What you have to do:
From the material below, please set down exactly the lines starting with the one with "Champion Hill Estate, Camberwell, London, SE5" and going on through the one with "Bouton en quartz", without a single picture.

Material for the task:
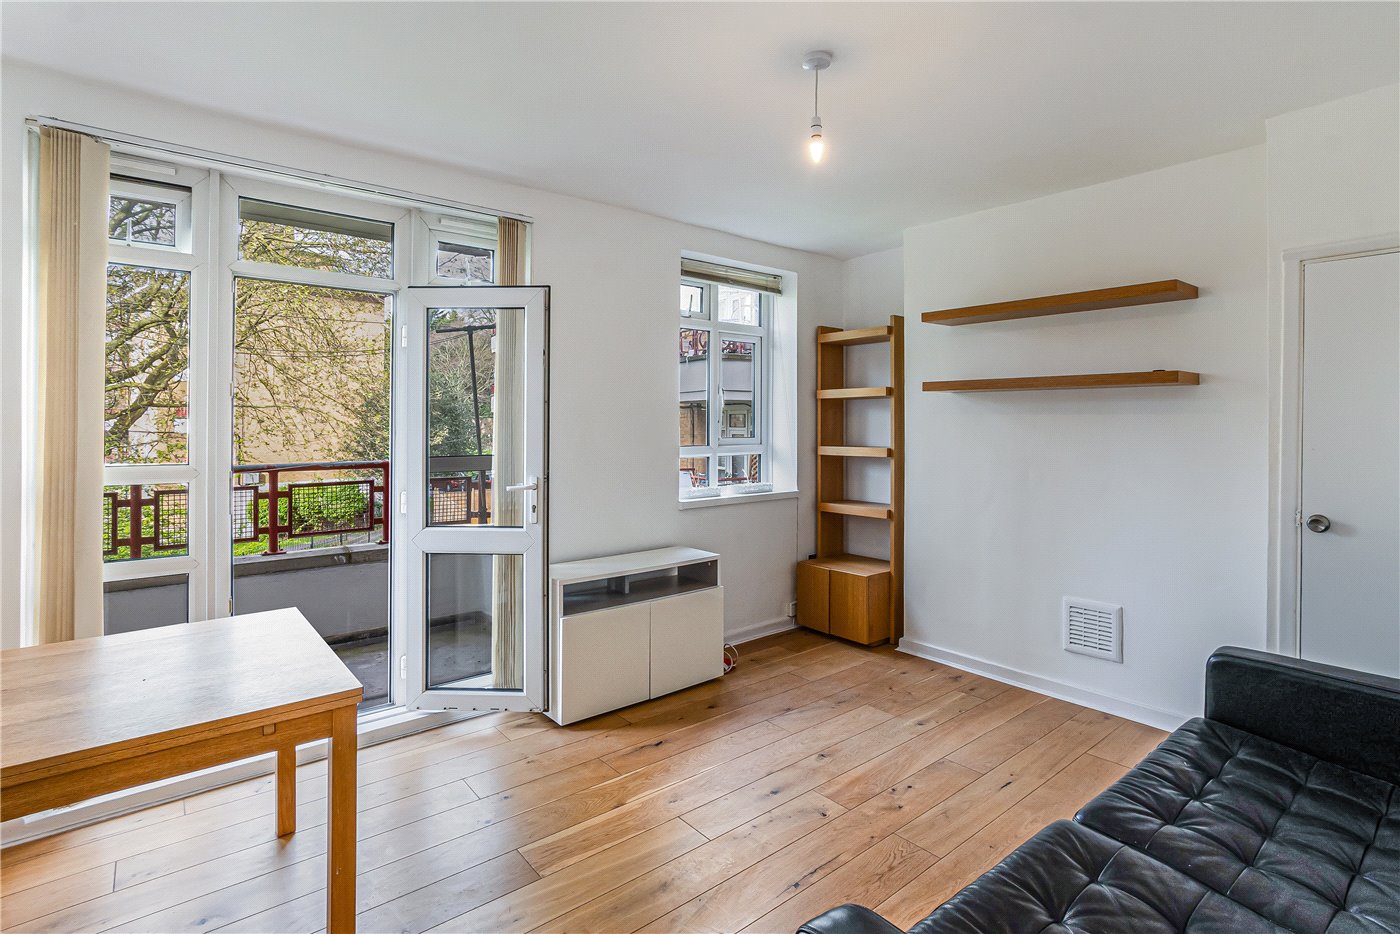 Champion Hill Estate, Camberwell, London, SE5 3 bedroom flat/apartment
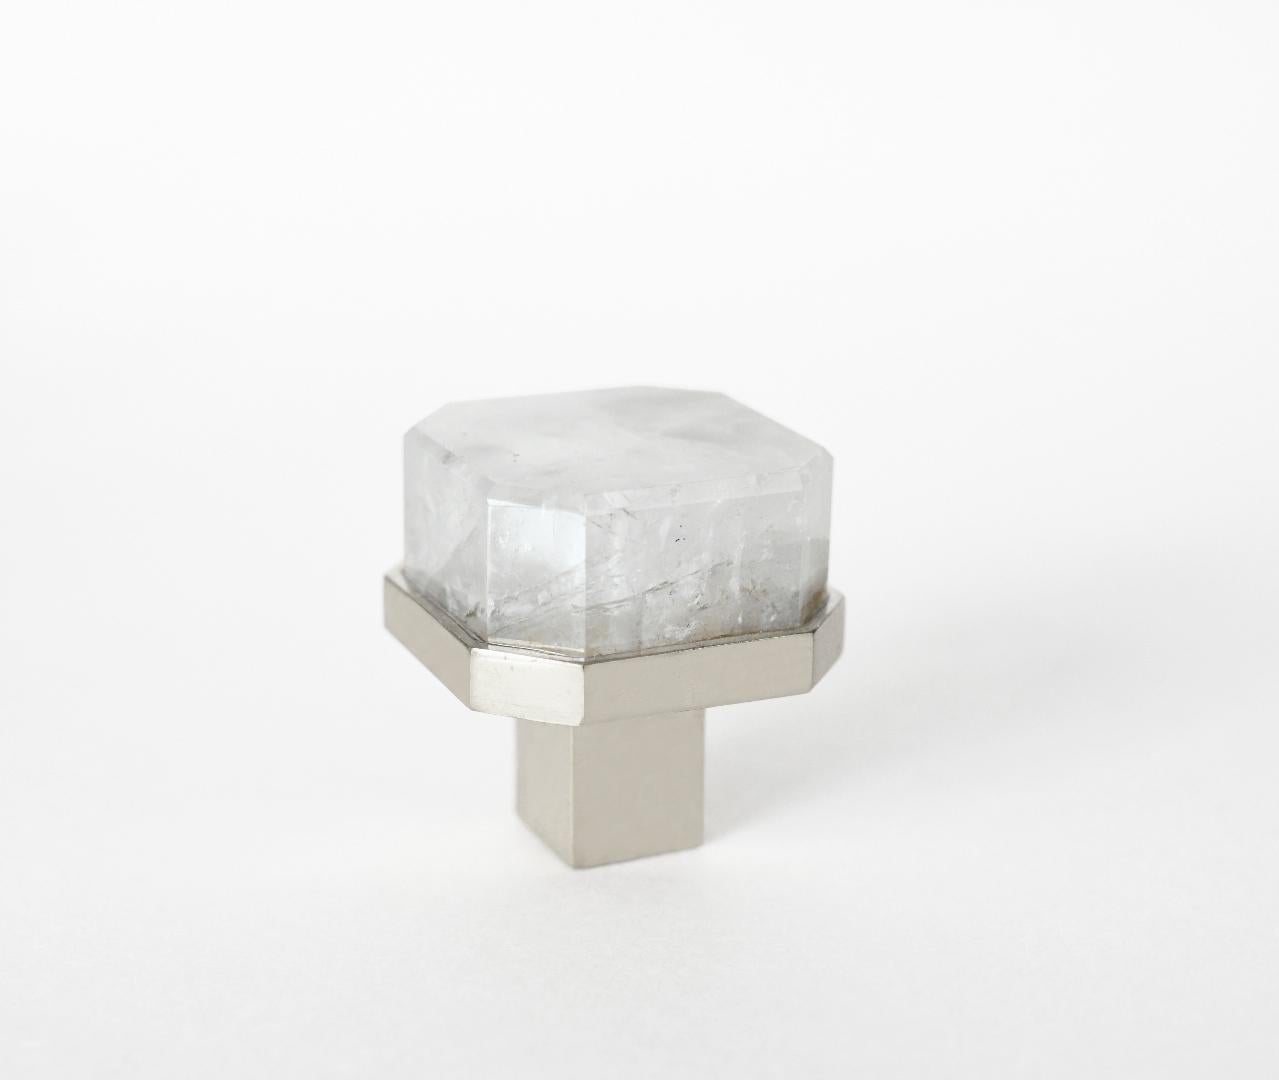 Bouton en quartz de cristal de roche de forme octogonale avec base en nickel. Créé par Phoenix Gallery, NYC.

* * *

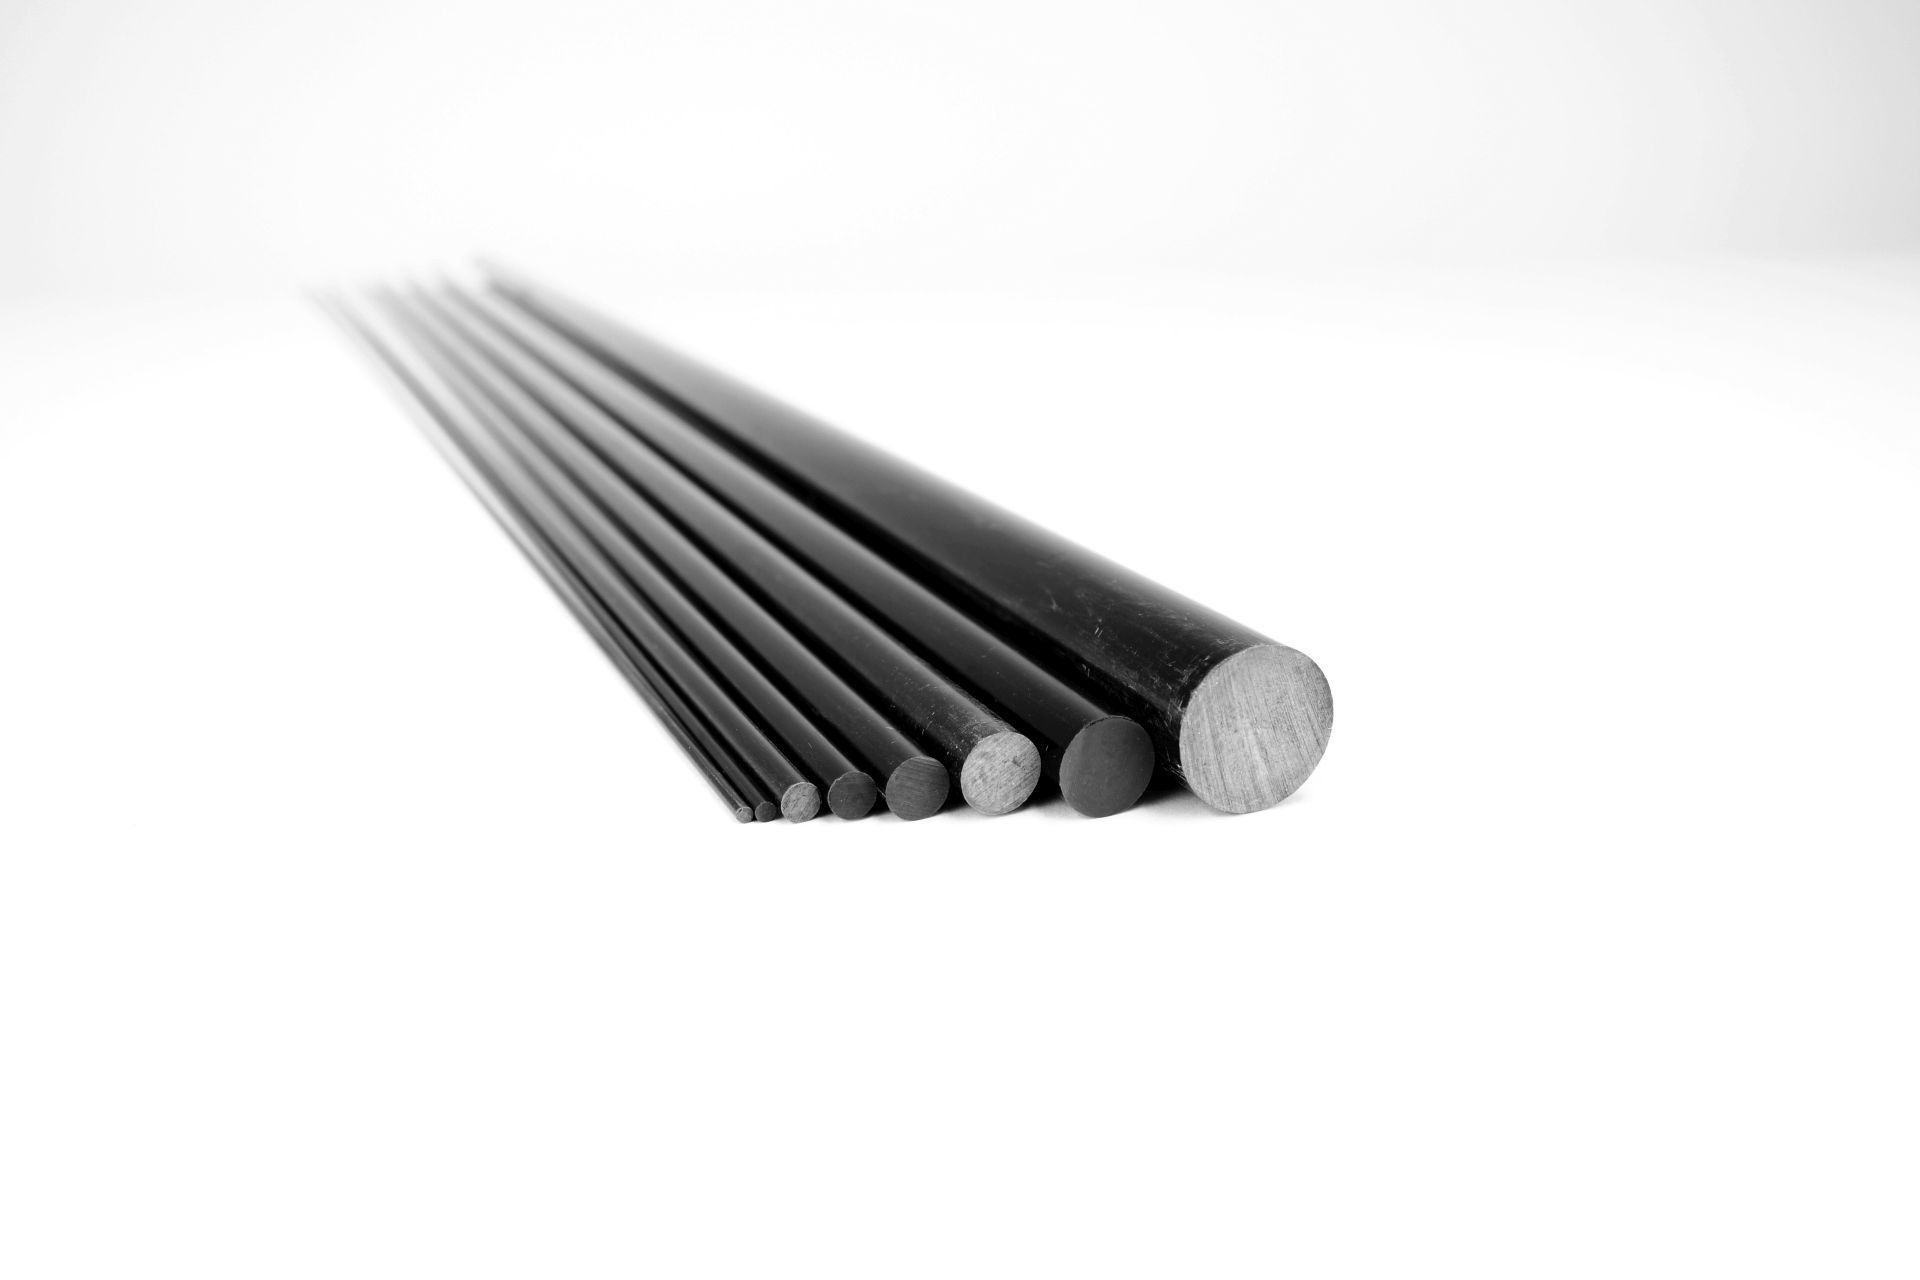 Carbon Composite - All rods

* * *

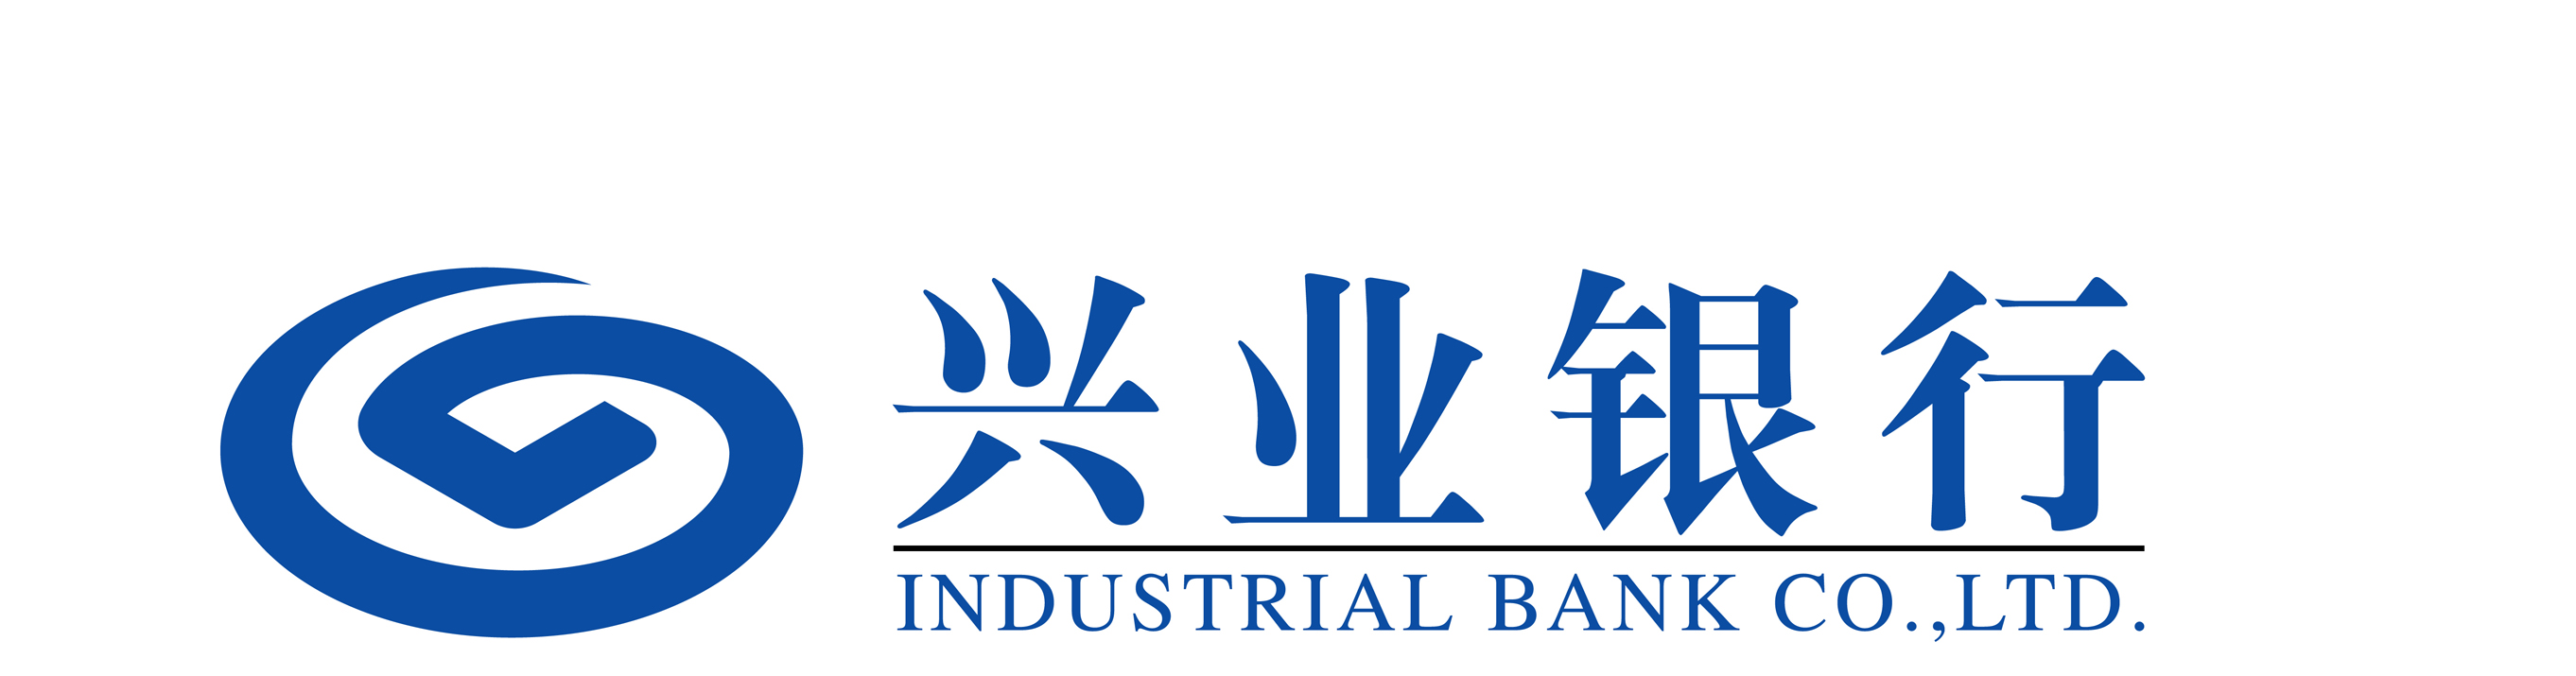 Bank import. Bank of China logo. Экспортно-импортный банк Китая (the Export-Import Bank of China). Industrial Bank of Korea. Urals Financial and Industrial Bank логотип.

Task answer:
 Champion Hill Estate, Camberwell, London, SE5 3 bedroom flat/apartment
 Bouton en quartz de cristal de roche de forme octogonale avec base en nickel. Créé par Phoenix Gallery, NYC.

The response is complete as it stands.